Re: [VB6] HMAC-SHA-256, HMAC-SHA-1 Using Crypto API
Nevermind.
I was running this code in the IDE, and I had configured VB6 to run in Windows XP (Service Pack 3) compatibility mode. If anyone else runs in to this issue, check your compatibility settings prior to pulling your hair out.
Re: [VB6] HMAC-SHA-256, HMAC-SHA-1 Using Crypto API
Wow, I had no idea anyone does this. It can break lots of code because of the "version lie" appcompat shim.
As an alternative I suppose the code could try for the current crypto context name and only try the legacy XP name upon failure. But that still leaves other issues not as easily handled indirectly.
Glad you found it though. I can see where it might get frustrating to track down.
One thing to note is that the sample URL there mistakenly shows braces (i.e. {}) around the value "clientID" and if you use those you will not get the proper results. This just appears to be a flaw in the posted sample URL.
The demo program uses multiline TextBoxes for I/O, though the values are not on multiple lines (the long text just wraps).
Last edited by dilettante; Sep 23rd, 2013 at 11:20 AM.
Re: [VB6] HMAC-SHA-256, HMAC-SHA-1 Using Crypto API
I have added another rendition of the Google Maps API for Business "signer" logic.
Testing code and such have been removed, redundant intermediate variables have been removed, and more formalized URL parsing is used.

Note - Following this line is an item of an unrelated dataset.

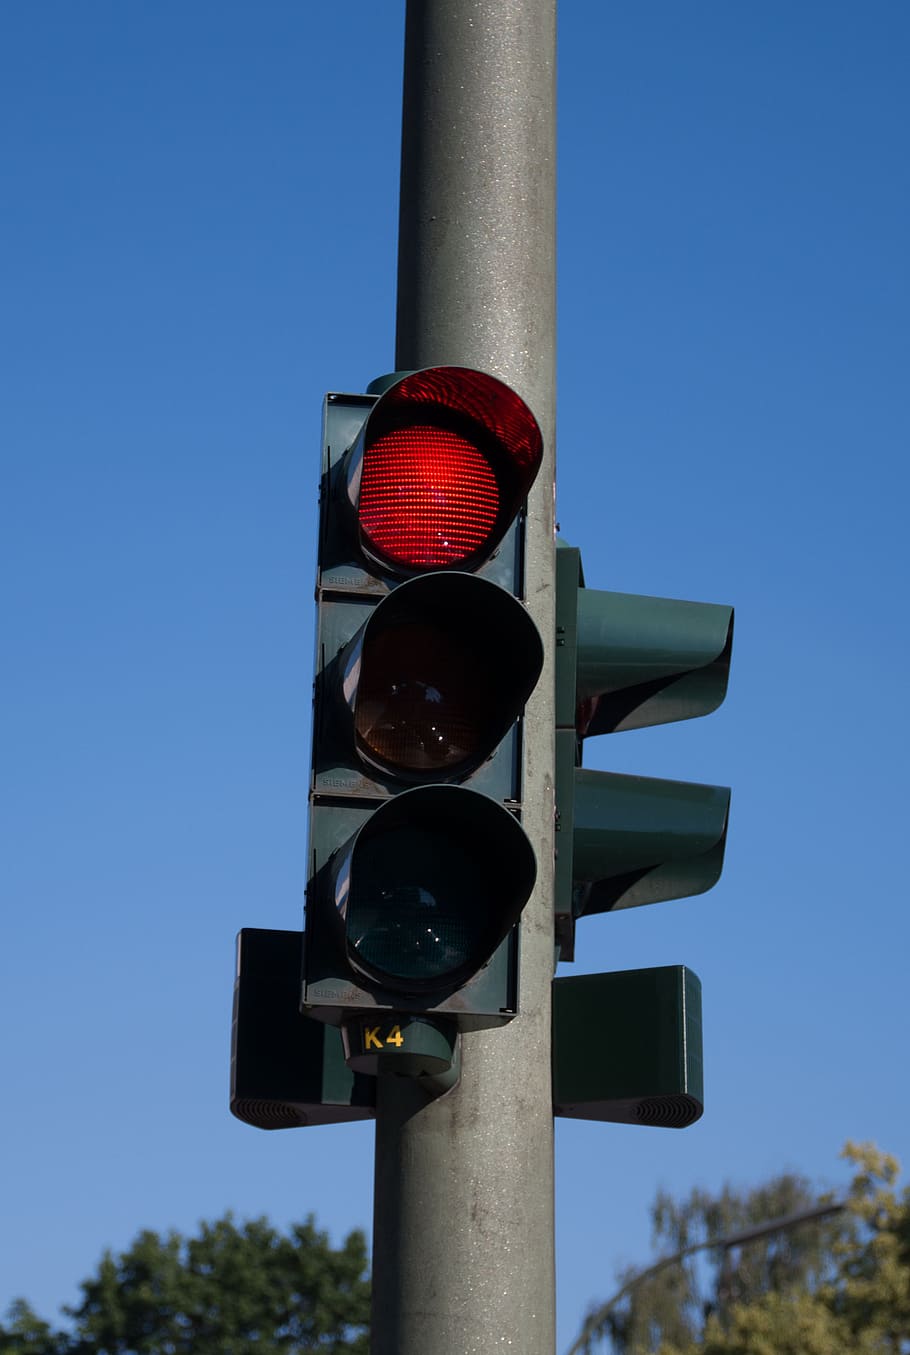 semaphore, traffic lights, stop, lamp, caution, red light, traffic control, HD wallpaper

The result is probably more directly usable in real applications.
Here we have a class GoogleMapsSigner with a single method Sign(). It is dependent on the HS1 class.
To use these in VB6 just add both class modules to your Project. They should also import into Office VBA easily enough as well (Access, Excel) but have not been tested in 64-bit Office applications which might require tweaking due to the changes in integer types there.
The attachment has both of the necessary class modules as well as a test Project similar to the one above.